TASK PROMPT -
The listing is to be returned word for word, without its images.

DATA BLOCK -
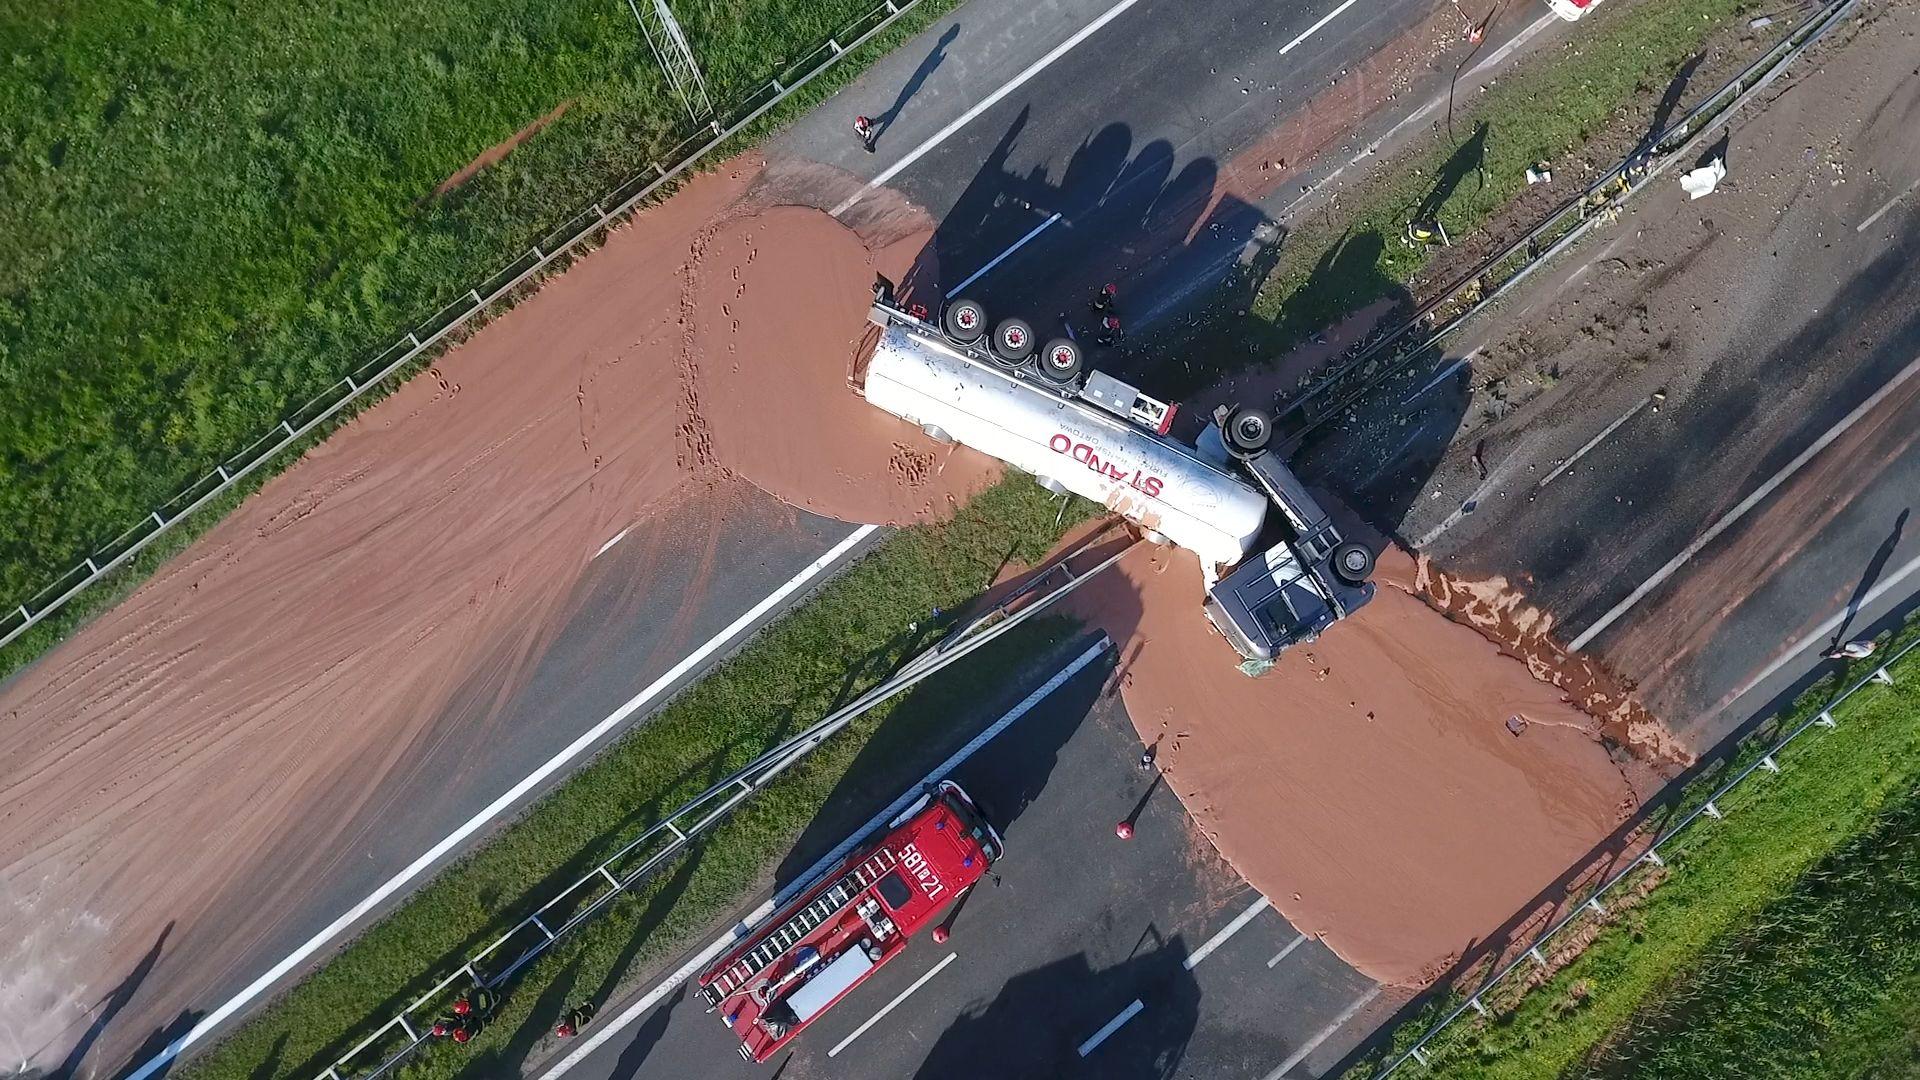 05_09_Poland_chocolate_spill
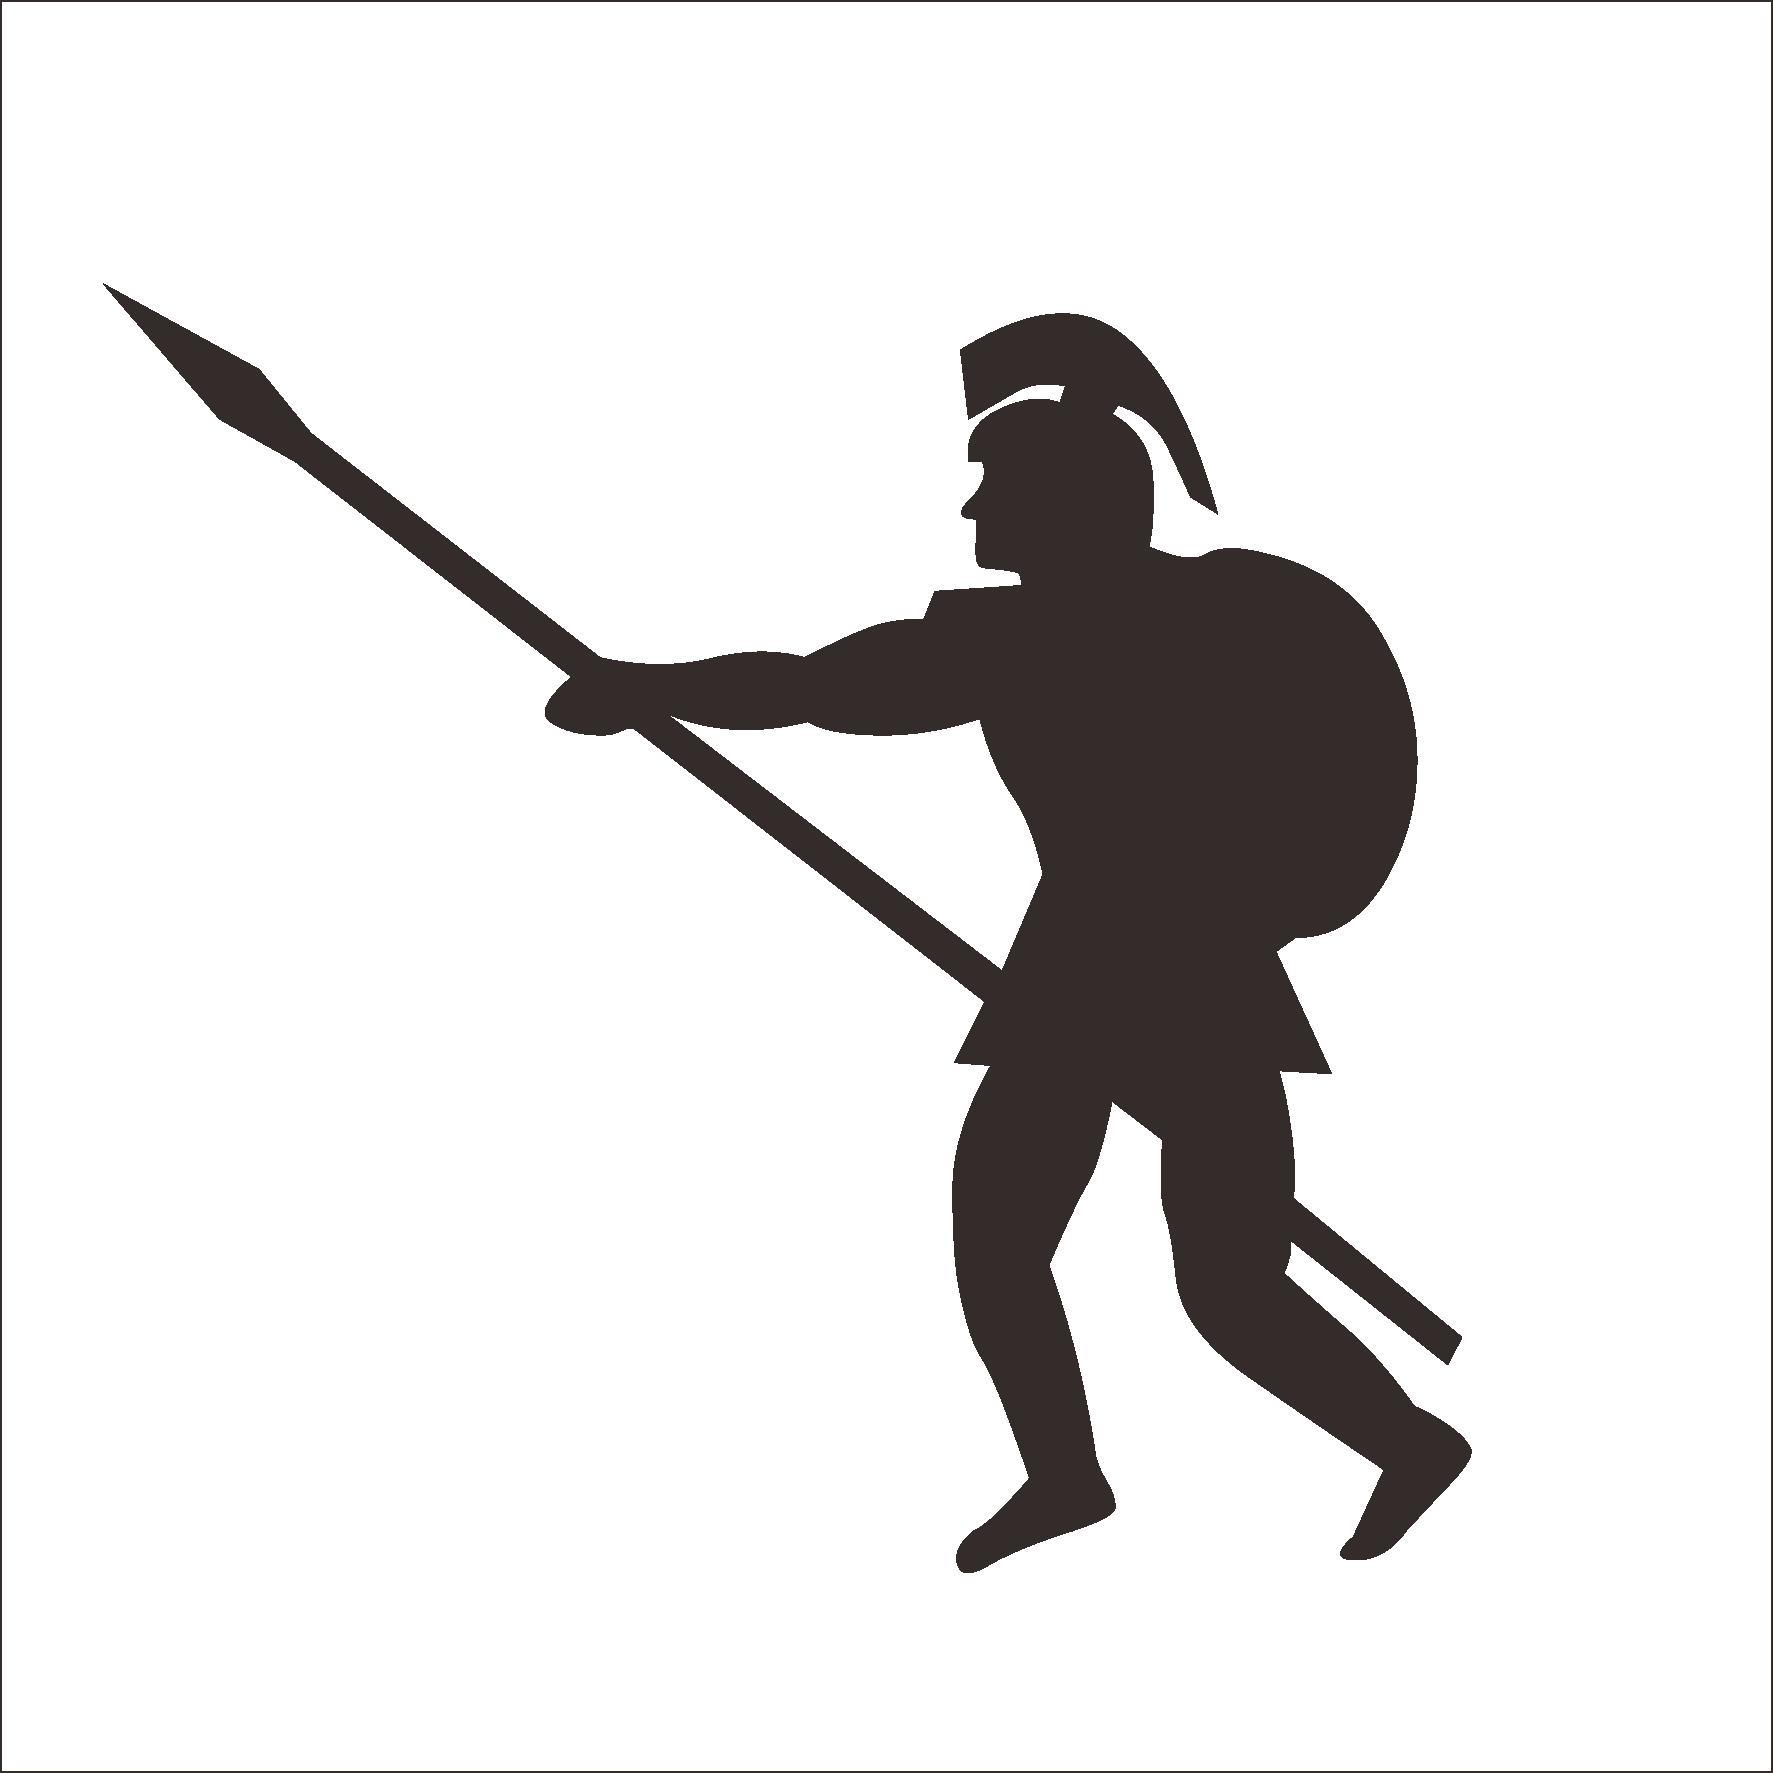 Ancient rome clip art. Silhouette clipart soldier
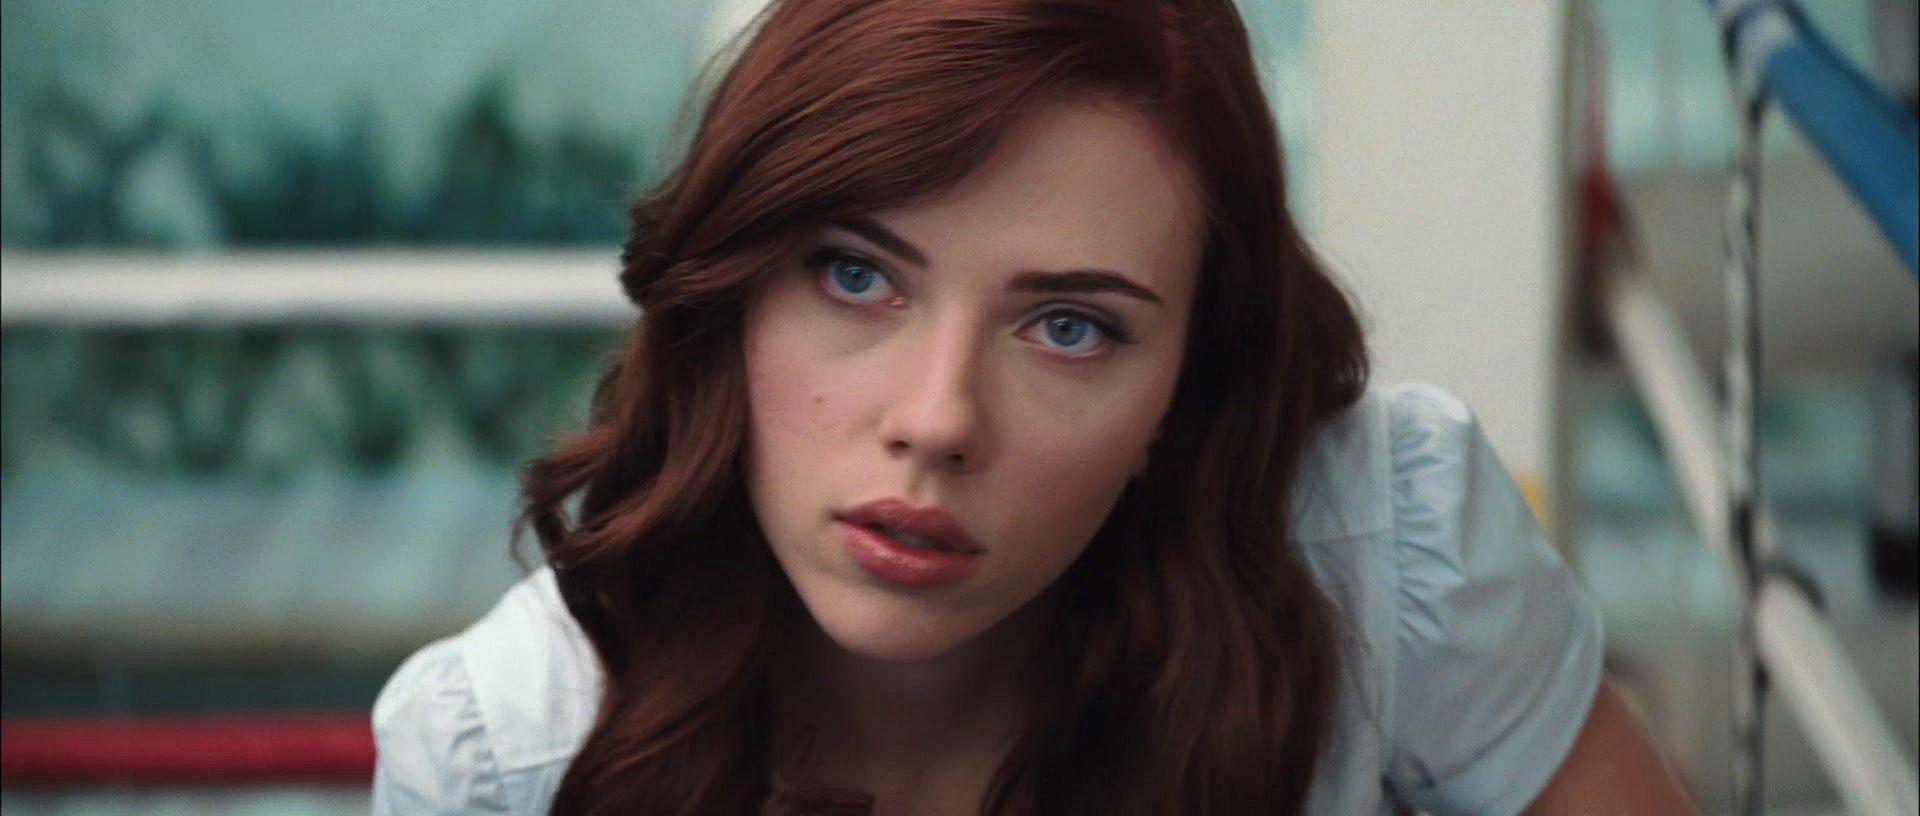 Scarlett Johansson Iron Man 2 Trailer Screencaps Scarlett

EXERCISE ANSWER -
 05_09_Poland_chocolate_spill
 Ancient rome clip art. Silhouette clipart soldier
 Scarlett Johansson Iron Man 2 Trailer Screencaps Scarlett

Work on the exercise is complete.